• SP-SSW traffic to/from Chicago

  • Pertaining to all railroading subjects, past and present, in the American Midwest, including Ohio, Indiana, Illinois, Michigan, Wisconsin, Minnesota, Iowa and Kansas. For questions specific to a railroad company, please seek the appropriate forum.
Pertaining to all railroading subjects, past and present, in the American Midwest, including Ohio, Indiana, Illinois, Michigan, Wisconsin, Minnesota, Iowa and Kansas. For questions specific to a railroad company, please seek the appropriate forum.

Moderator: railohio

  by SooLineRob
 
Hello forum,

I'm unfamiliar with SP-SSW operations. I have a few questions for the board.

Prior to the SP's purchase of the former Alton route between St Louis and Joliet IL, how did SP and SSW traffic destined to/from Chicago reach the eastern railroads?

Once the DRGW-SP-SSW gained access to Chicago via the former Alton route, where did it go? Did the SP have their own yard in the Chicago area, or did they deliver/receive entire trains to foreign (eastern) roads via the IC trackage east of Joliet?

Thanks in advance,

Rob
  by doepack
 
SP traffic to Chicago was originally interchanged in the St. Louis area with the Alton, which later became GM&O, then ICG. Around 1987, the ICG sold the Joliet-St. Louis portion of the line to new startup Chicago, Missouri & Western, but the railroad was ill-managed, and out of business within a year. A new SP subsidiary, SPCSL (Southern Pacific Chicago St. Louis) was formed to take over the bankrupt CM&W, and interchanged with IC north of Joliet at Glenn yard via a trackage rights agreement, since IC still owned the Chicago-Joliet segment. Today of course, SPCSL is now UP, IC is now CN, but from what I've heard, UP doesn't run much freight traffic below Joliet on this route, so I'm not sure if the previous interchange agreements between the predecessor roads still exist...
  by 2nd trick op
 
I think it's reasonable to characterize the former Alton (later GM&O) as primarily a passenger-oriented railroad. It had the most direct route between the gateway cities of Chicago and St. Louis, and was the dominant player in the state capital city of Springfield at the height of the rail-dominated era.

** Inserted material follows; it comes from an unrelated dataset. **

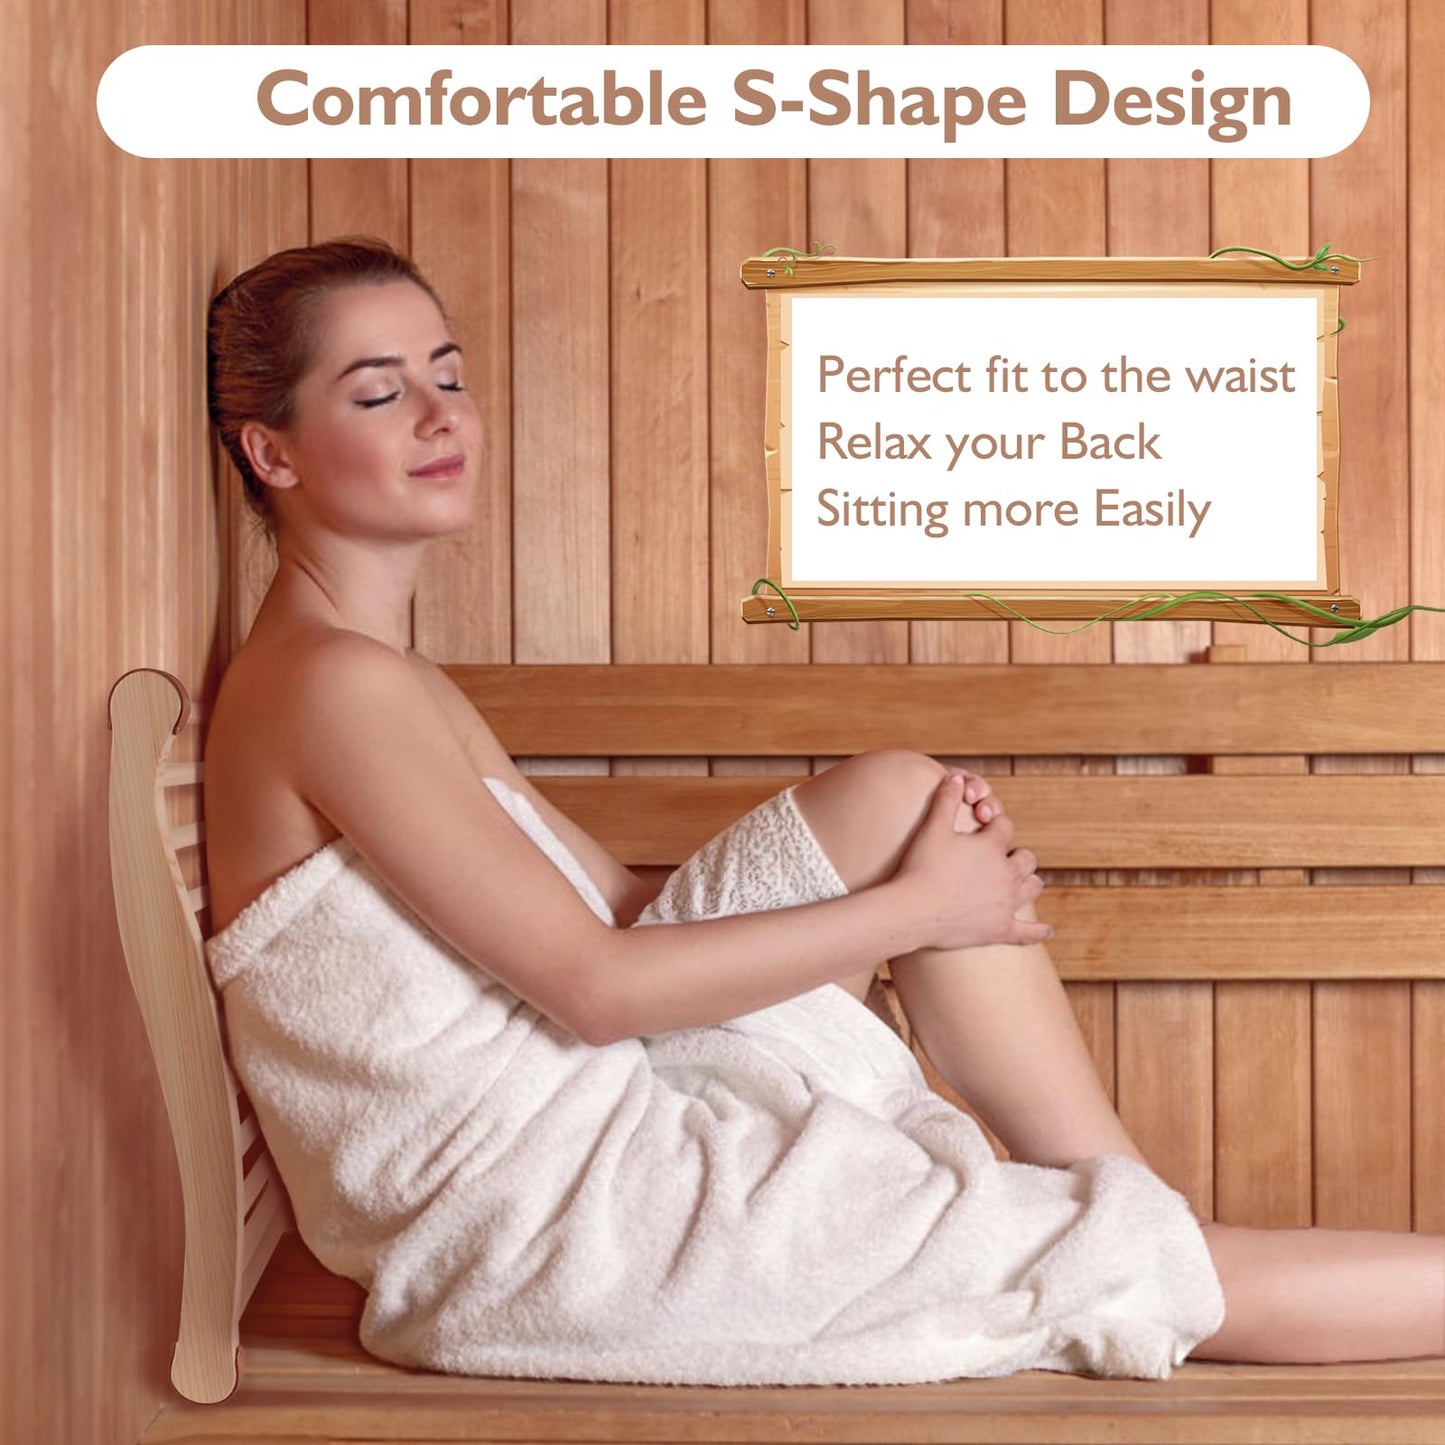 Sauna Backrest Wiiyita Sauna Accessories Wooden Slip-Resistant Non-Toxic Comfortable S-Shape Design Sauna Chair with Back, Sauna Accessories for Any

Conversely, Alton freight service was never emphasized, and when it got access to longer hauls, it always played "second fiddle" to carriers like illinois Central for St. Louis traffic and Burlington for the Kansas City gateway.

And up until UP's bid for Missouri Pacific in the 1980's. Cotton Belt was considered primarily a player for transcontinental traffic via Memphis and St Louis. Its famous "Blue Streak" service swung south all the way to El Paso before it headed west. Meanwhile "overland" transcontinental freight moved primarily over the UP; Rio Grande prospered primarily due to local dominance in the mountains of Colorado and Utah and a number of friendly connections, but its curvature and grades were too severe, and its traffic control system too limited, to ever go head-to-head with UP and SP.

Finally, once the "big UP" emerged in the wake of Mr. Anschutz' bold play, it could reach Chicago from the "southern route" (which has easier grades than Sherman Hill and the Wasatch), via the Thebes bridge below St. louis and the former Chicago and Eastern Illinois, which MP controlled by the late 1960's. That, happily, leaves the former Alton main open for redevelopment as a true passenger-oriented corridor.
  by Engineer Spike
 
I think SP used the BRC Clearing Yard as its Chicago terminal, and interchange point. When I was with BN, before the UP merger, there used to be lots of SP units at Clearing.

SP also had rights over BN. I'm not sure how they were able to justify getting them. Wasn't this for KC traffic?
  by Zanperk
 
For the Golden State traffic via KC, they were working a couple of options: buy Soo's ex-Milwaukee Road route to KC, or purchase KC - CHI trackage rights from BN (and NS).

Trib article

I remember an EB hotshot that used to bomb through the morning rush and blow me back from the platform in Lisle.